- **WORK REQUEST**: Copy the listing exactly, leaving out every picture.

- **RECORDED DATA**:
★ ★ ★ ★ ★ ★ ★
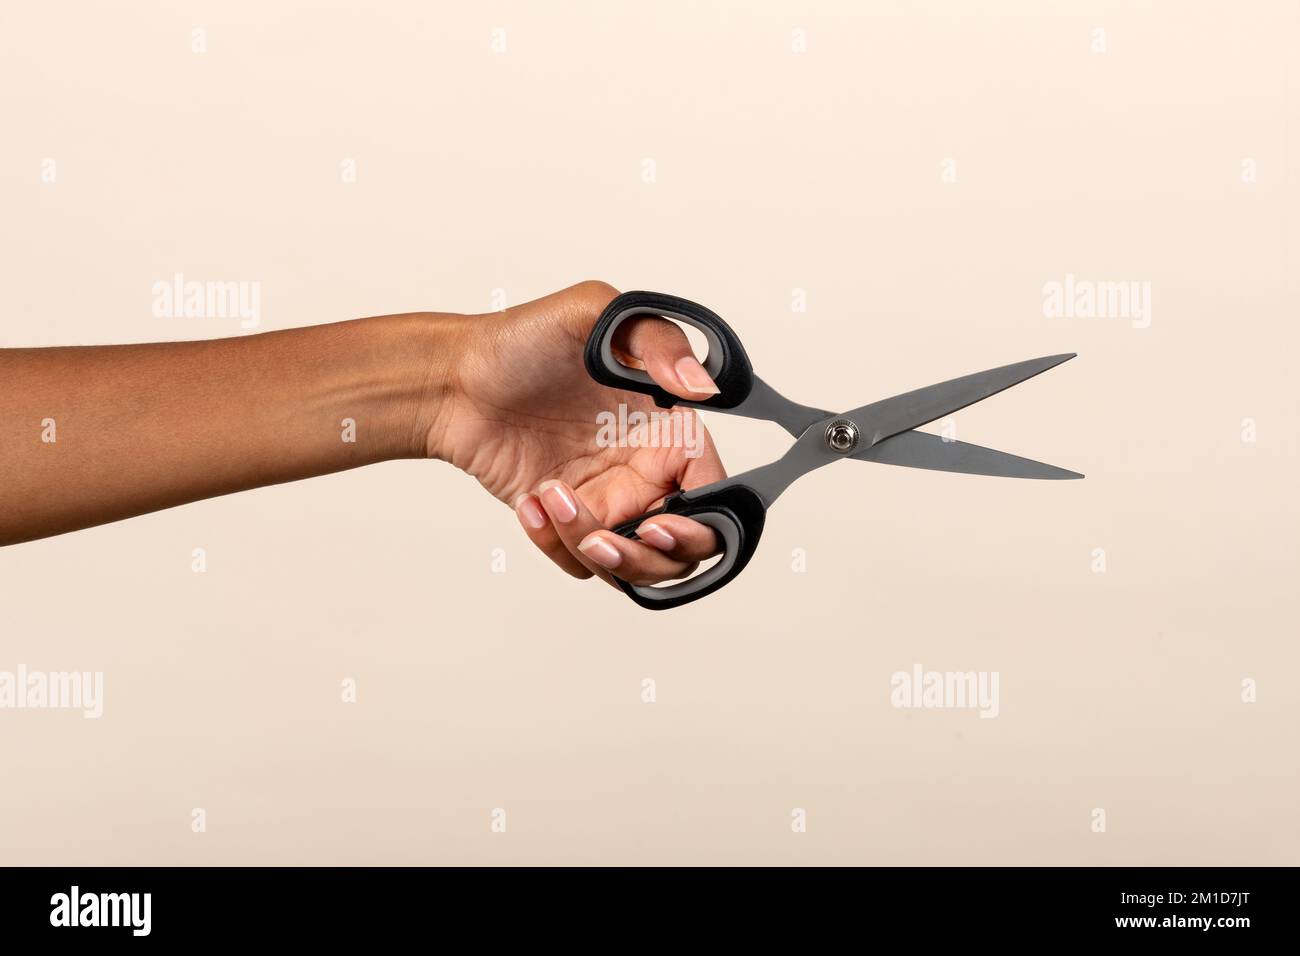 Crop anonymous African American female showing metal scissors on beige background in studio Stock Photo
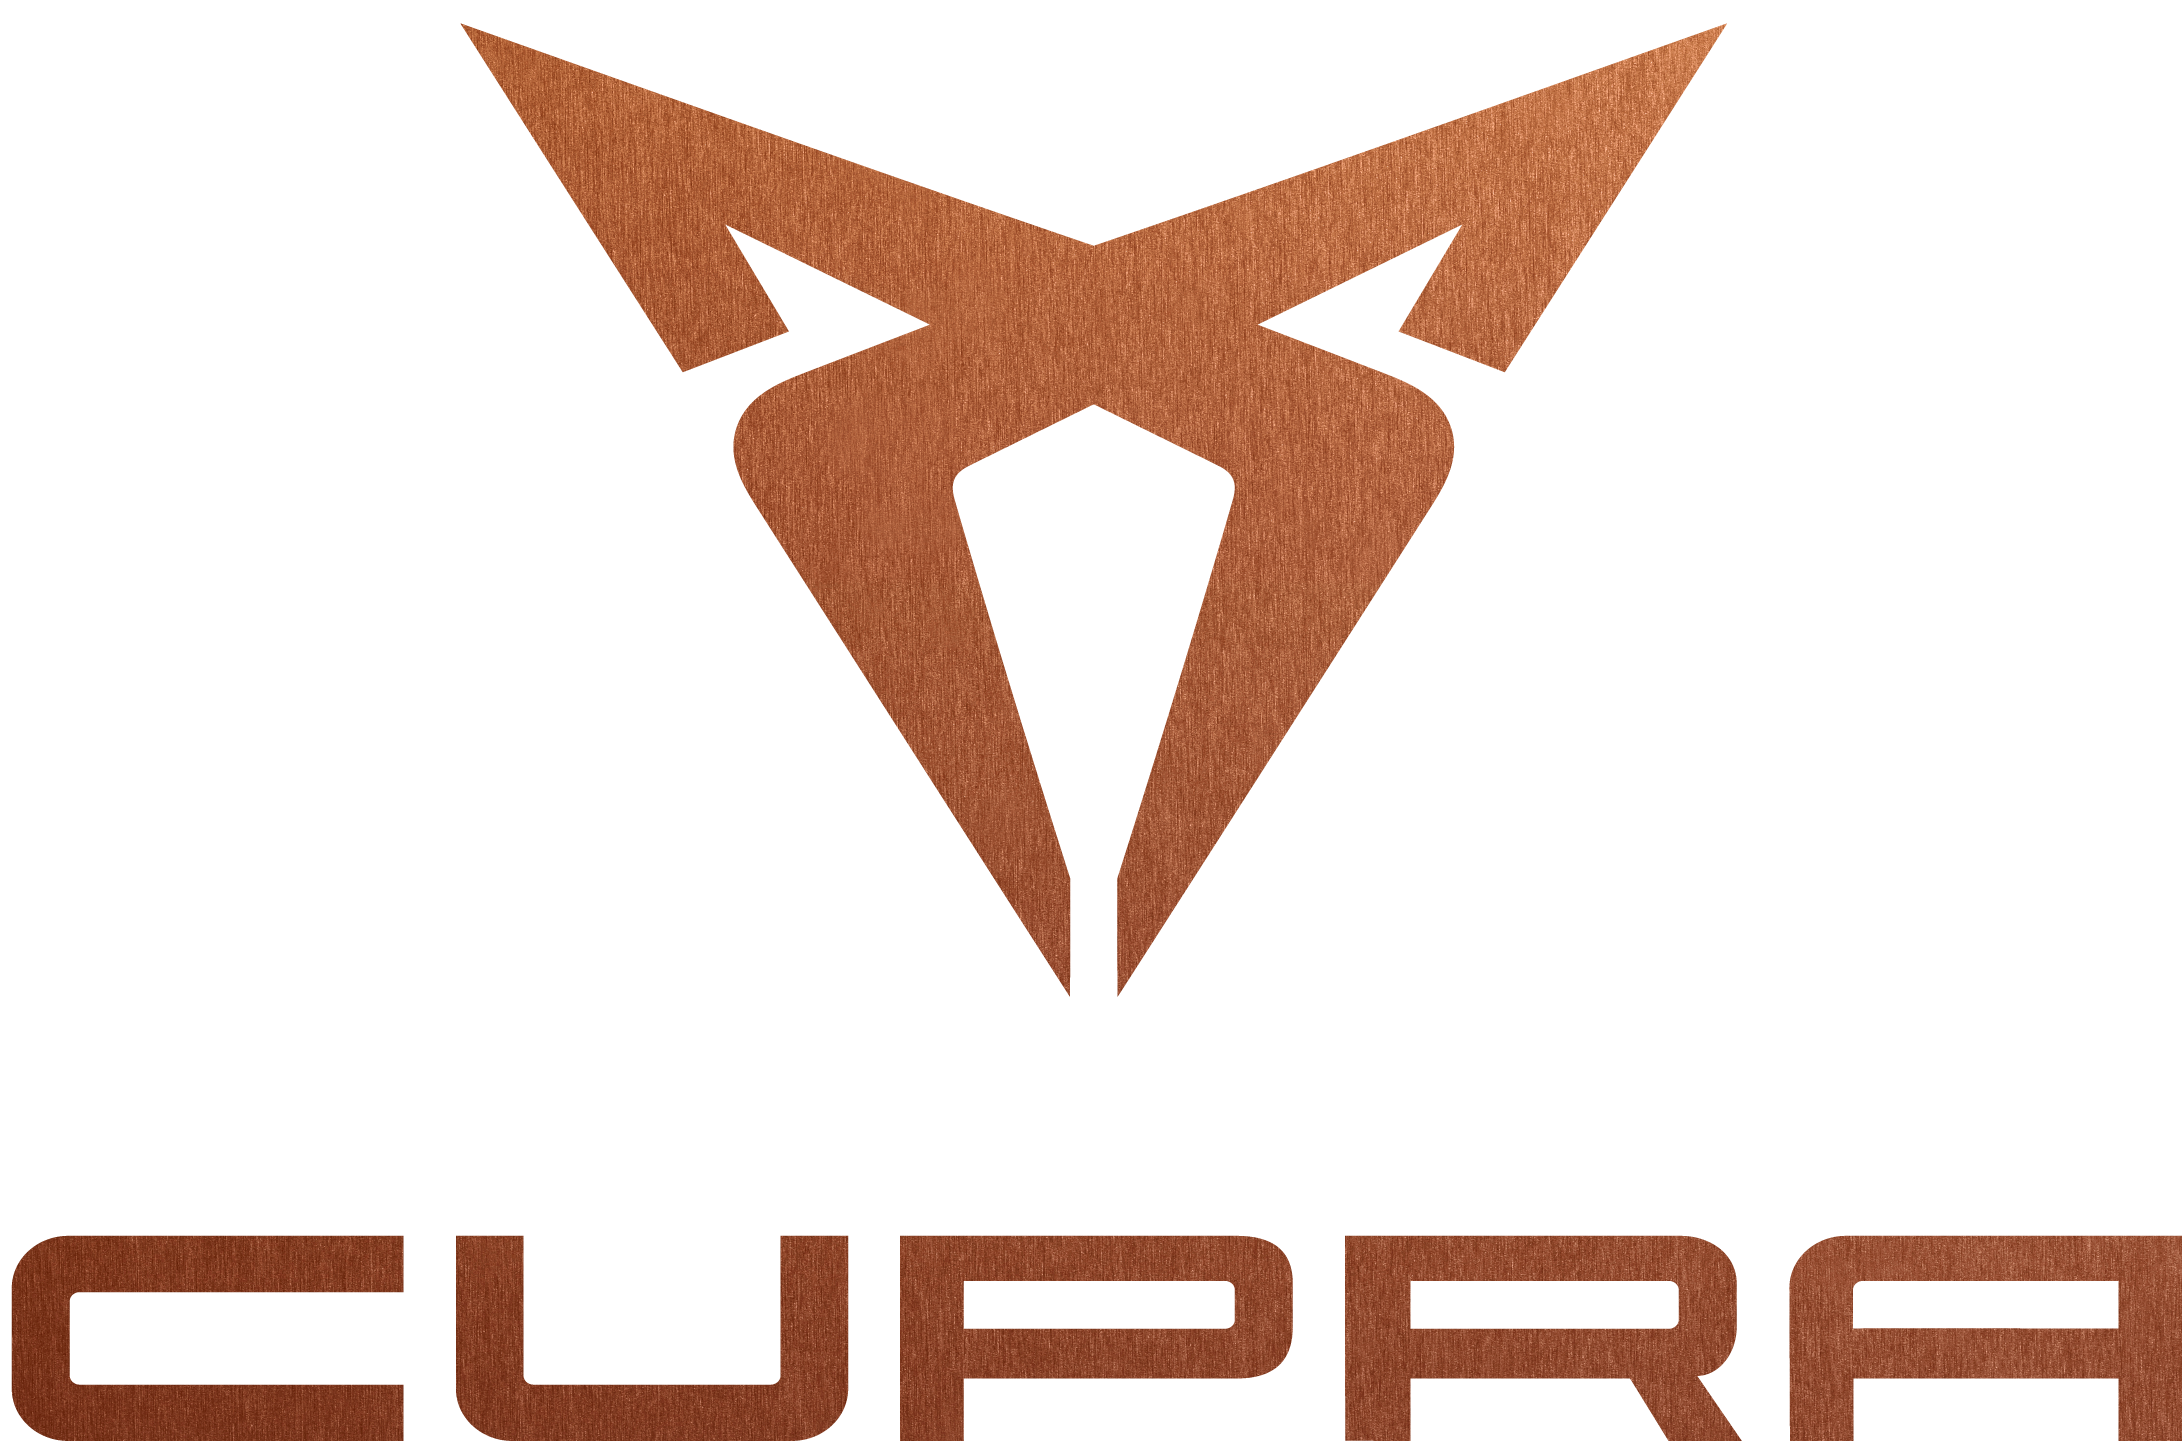 Logo_Cupra
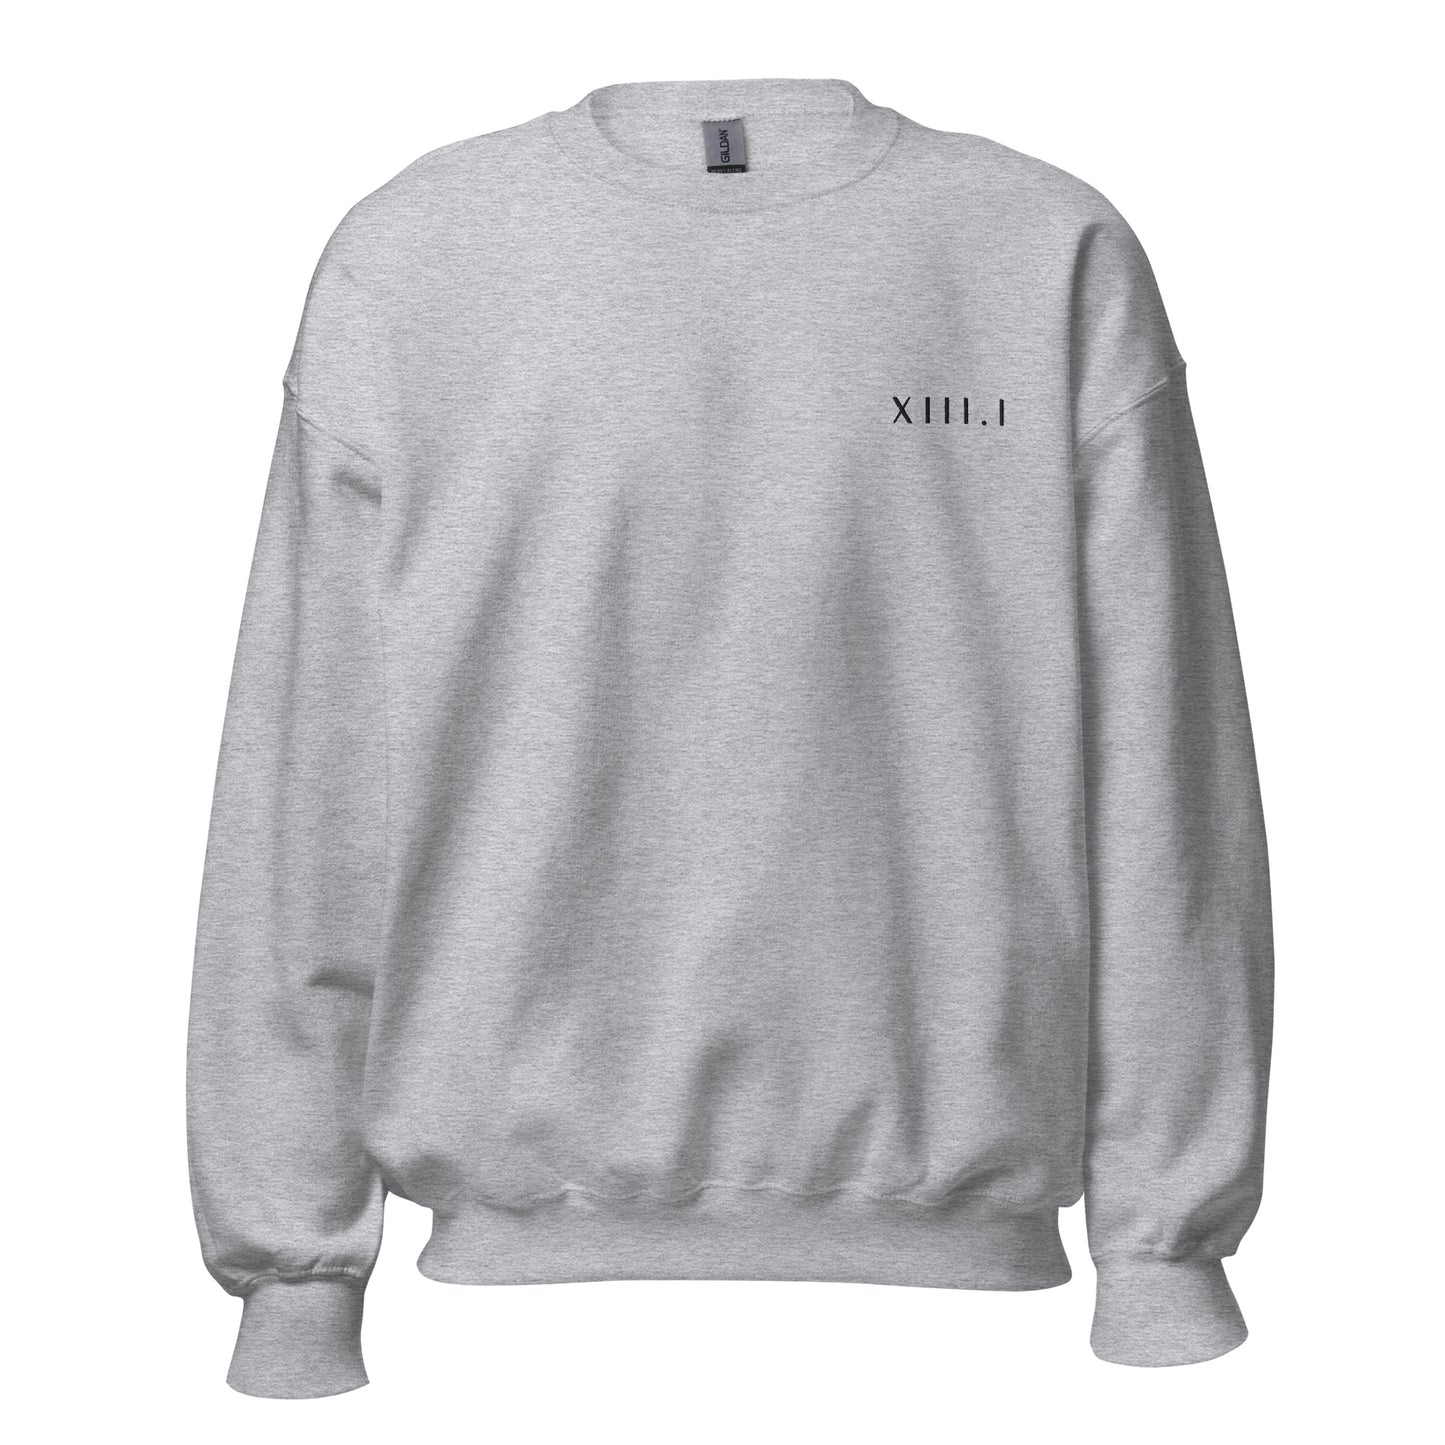 light grey unisex sweatshirt with XIII.I 13.1 half marathon in roman numerals embroidered in black writing
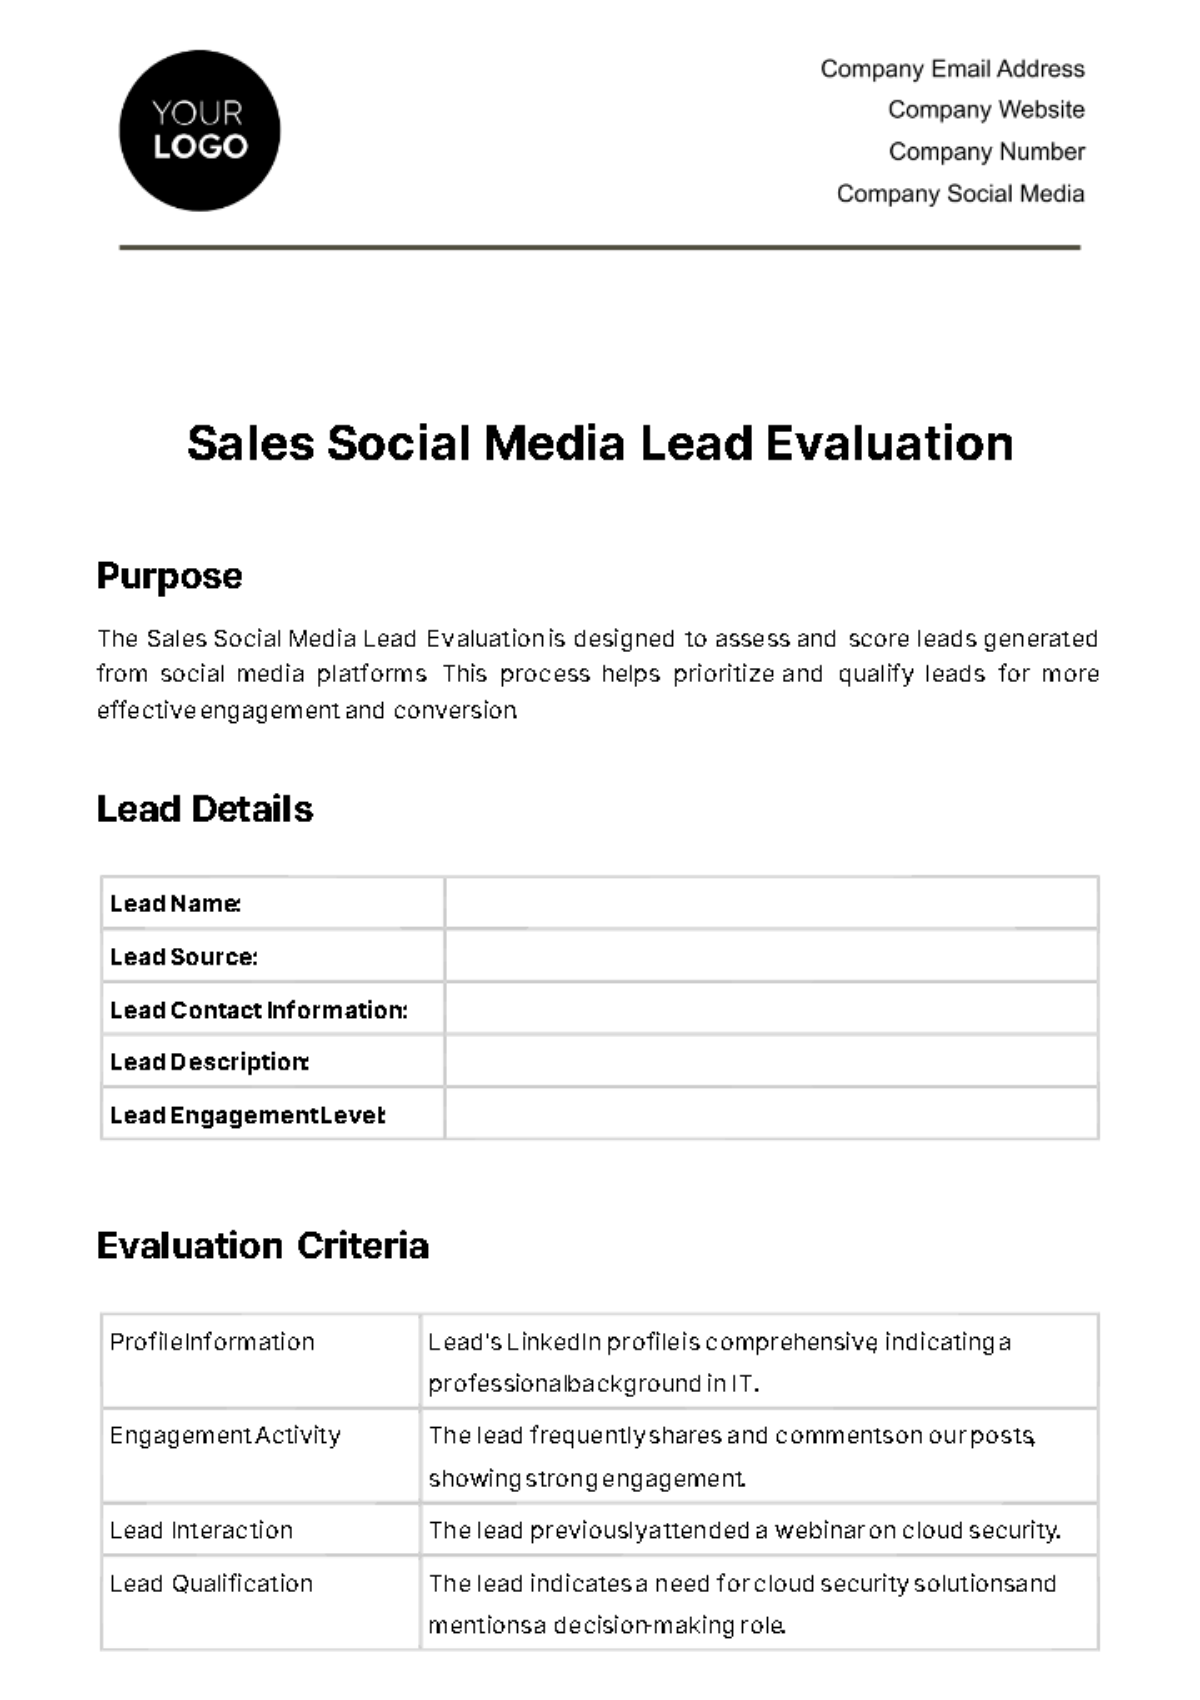 Free Sales Social Media Lead Evaluation Template
★ ★ ★ ★ ★ ★ ★
- **PROBLEM SOLUTION**:
 Crop anonymous African American female showing metal scissors on beige background in studio Stock Photo
 Logo_Cupra
 light grey unisex sweatshirt with XIII.I 13.1 half marathon in roman numerals embroidered in black writing
 Free Sales Social Media Lead Evaluation Template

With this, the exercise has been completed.